I tried looking in mirbase for humans, but as the file header specifically states:
# Note, these sequences do not represent the full primary transcript,
# rather a predicted stem-loop portion that includes the precursor
# miRNA.
Looking in gencode did not help either. Grepping for mirna and looking for transcripts with a length of over 150 yielded only 19 results.

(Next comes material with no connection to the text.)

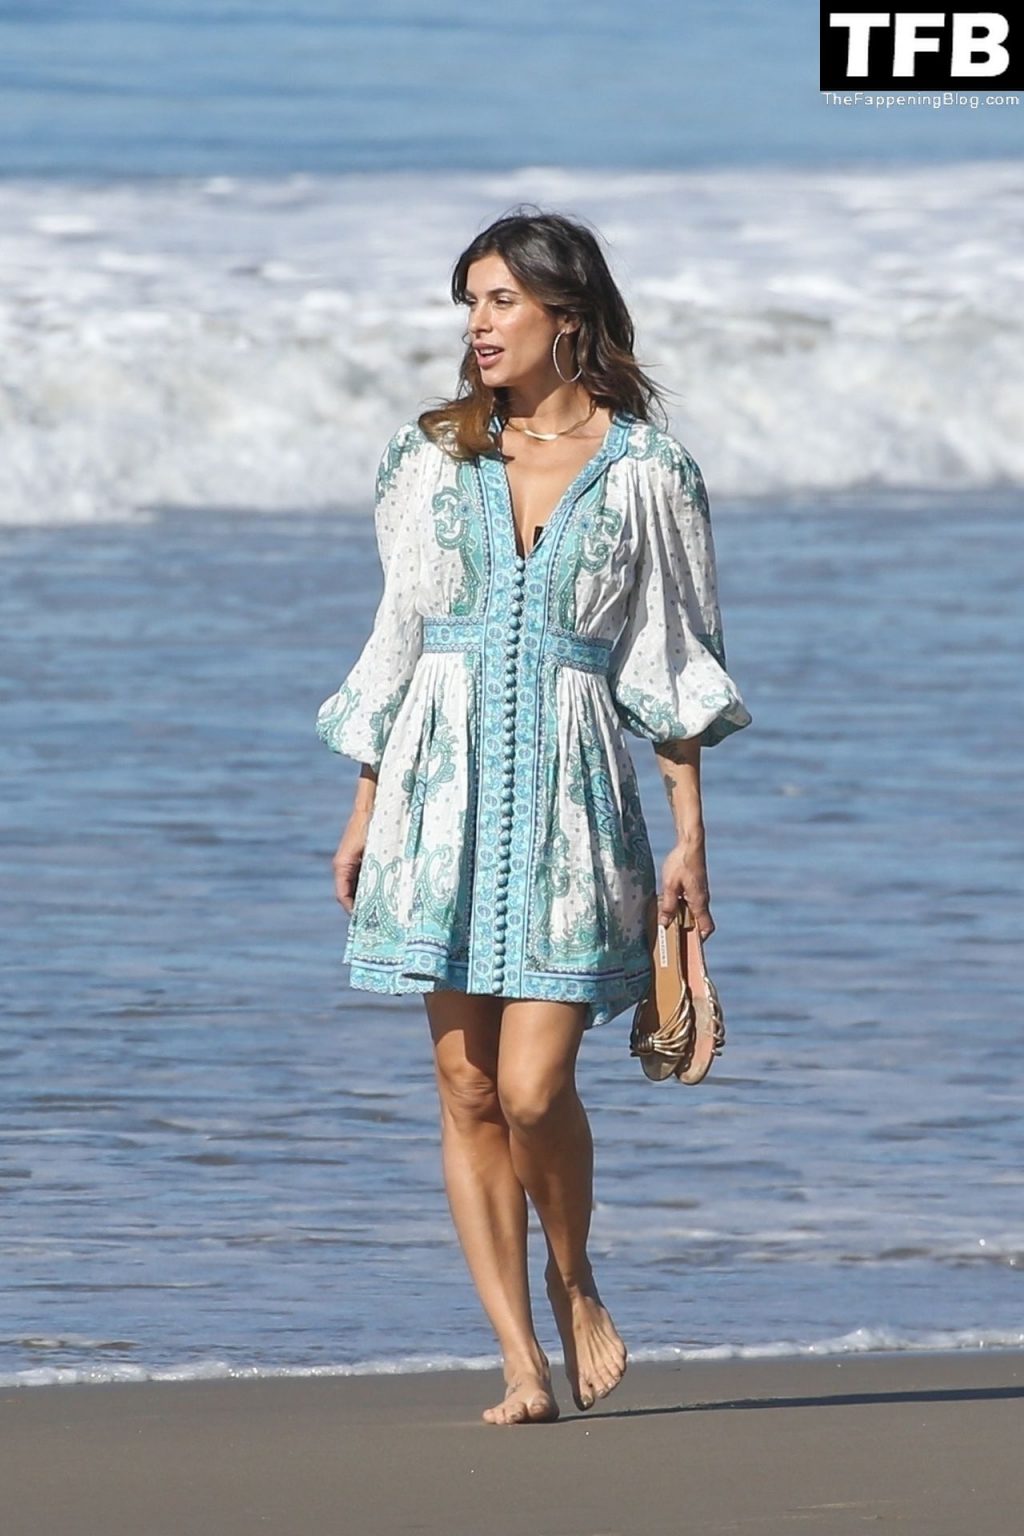 Elisabetta Canalis Undresses on the Beach During a Sexy Shoot in Santa Monica (66 Photos)

grep miRNA gencode.v21.annotation.gff3 | sort -V -k1,1 -k4,4n -k5,5n - | awk '{if ($5-$4>150 && b != $4 && c != $5) {a += 1; b = $4; c = $5; print $0}} END {print a}'
Where can I find primary transcripts for mirna (preferably with genomic coordinates so that I do not need to run bowtie myself)?
Hi,
why do you want the primary transcript? I don't know if they really exists. The positions in mirbase are the direct precursors of miRNAs. Normally this is enough to perform the majority of the analysis. If you tell us what is the main goal maybe we can tell more. Normally the full primary transcript is understood as the fragment from the TSS of the fragment (that will generate the short precursors) until the end (never heard of any approximation for this). It seems that the primary transcript is quite long and can generate multiple miRNAs precursors, and there are some papers that have described the promoter of these full transcript, but there is no a consensus here.